» **DATASET EXCERPT**:
Content starts
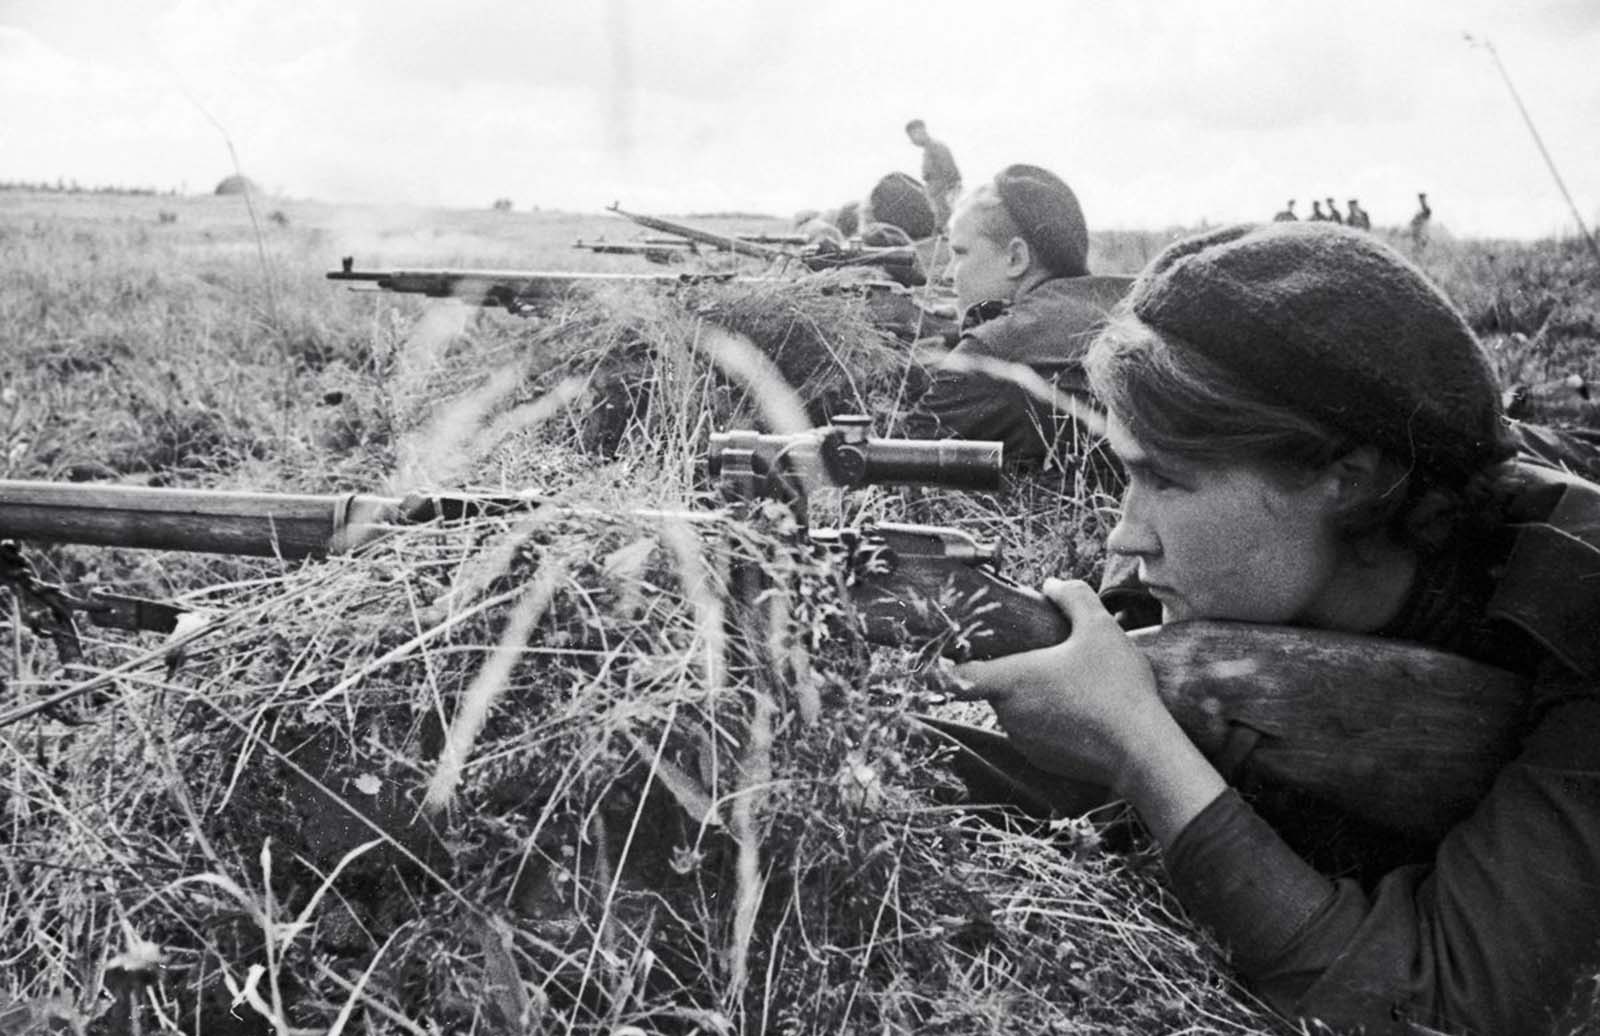 Le mortel Soviétique femmes tireurs d'élite, 1941-1945
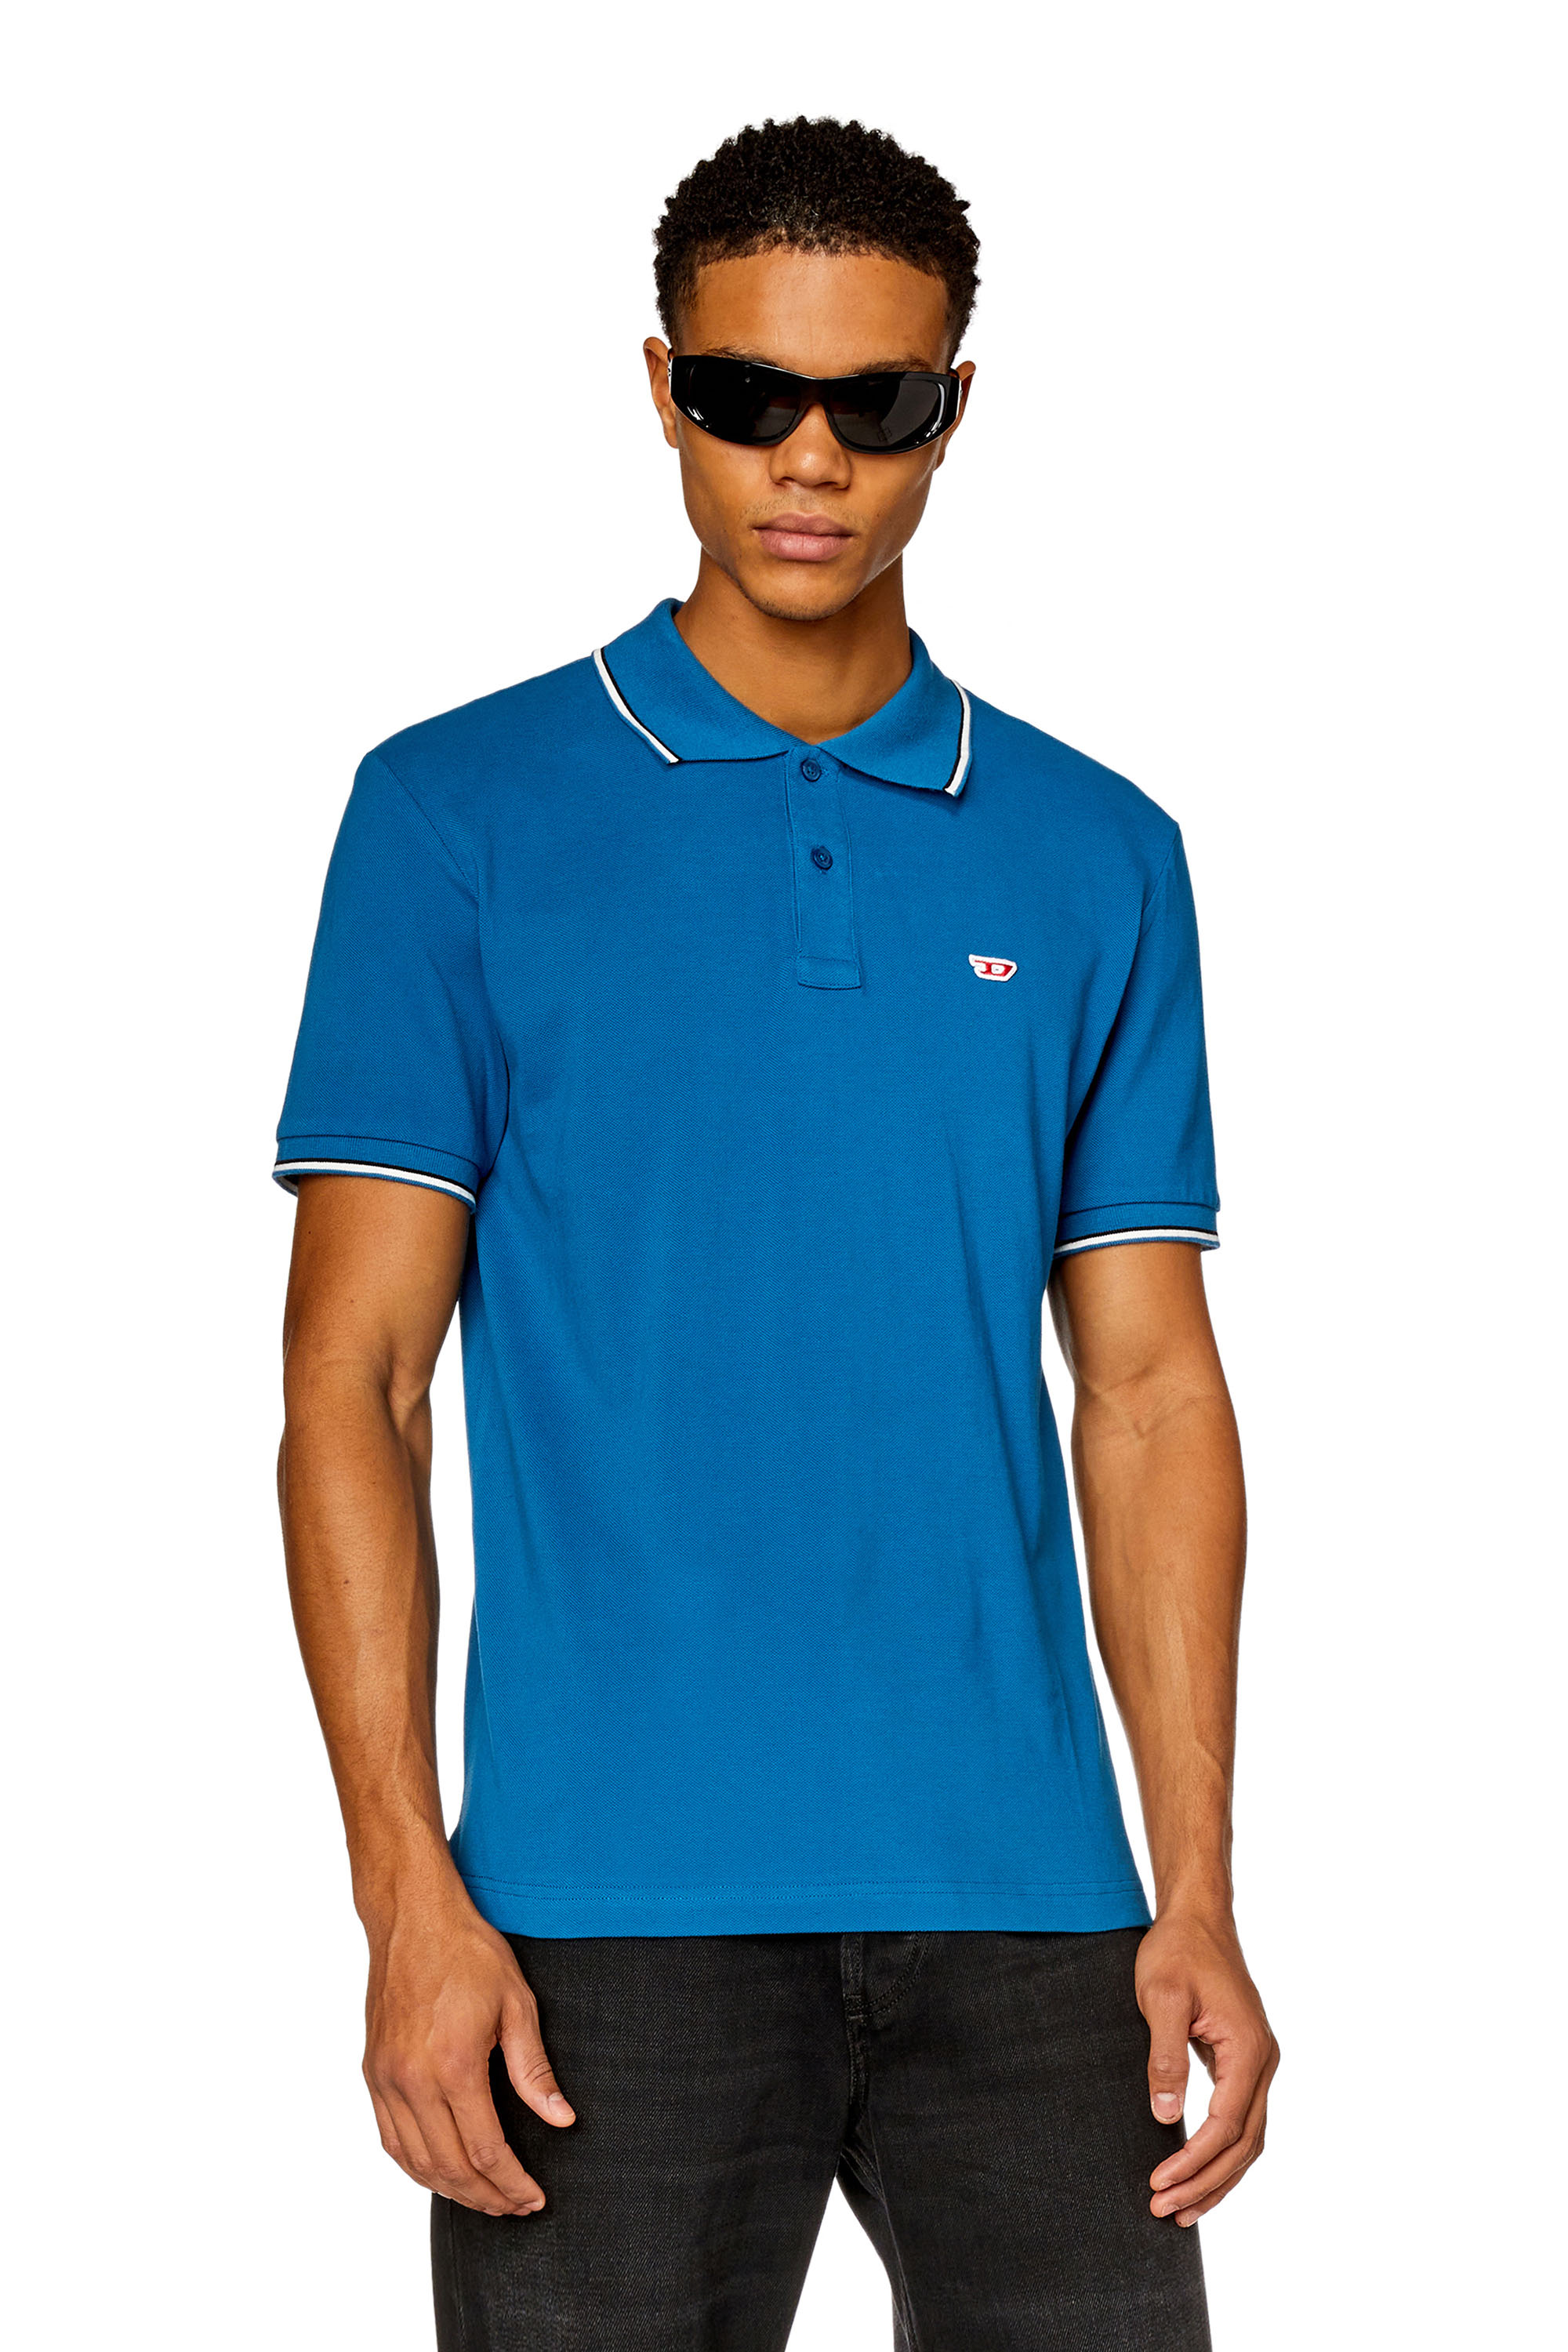 Diesel - Camiseta polo con ribetes a rayas - Polos - Hombre - Azul marino
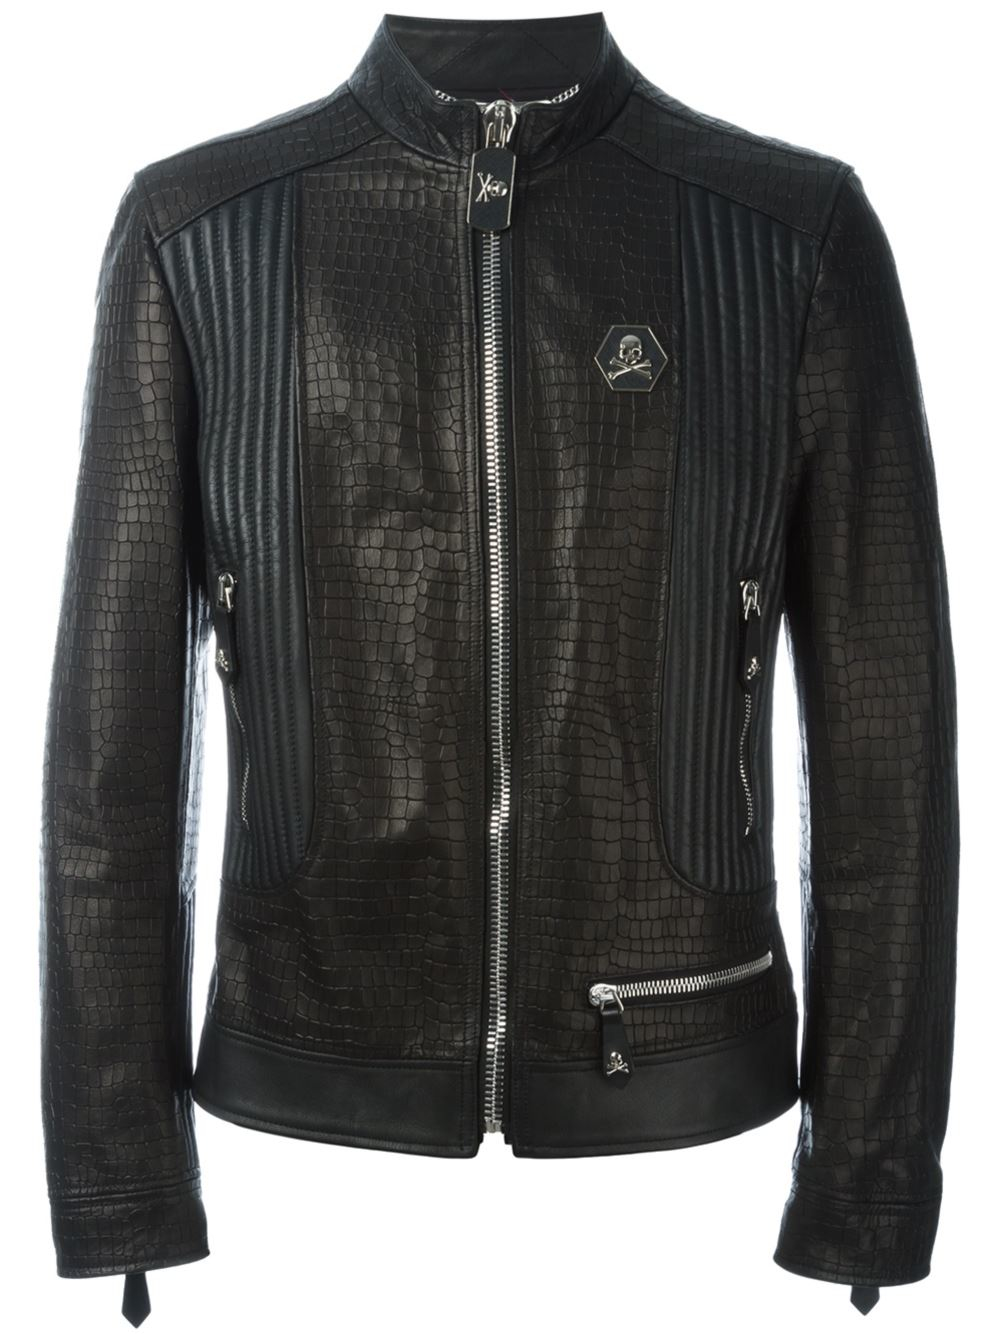 Philipp Plein Leather 'grunge' Jacket in Black for Men - Lyst
Content ends
» **YOUR GOAL**: Print the material above exactly, skipping its images.

» **TASK RESULT**:
 Le mortel Soviétique femmes tireurs d'élite, 1941-1945
 Diesel - Camiseta polo con ribetes a rayas - Polos - Hombre - Azul marino
 Philipp Plein Leather 'grunge' Jacket in Black for Men - Lyst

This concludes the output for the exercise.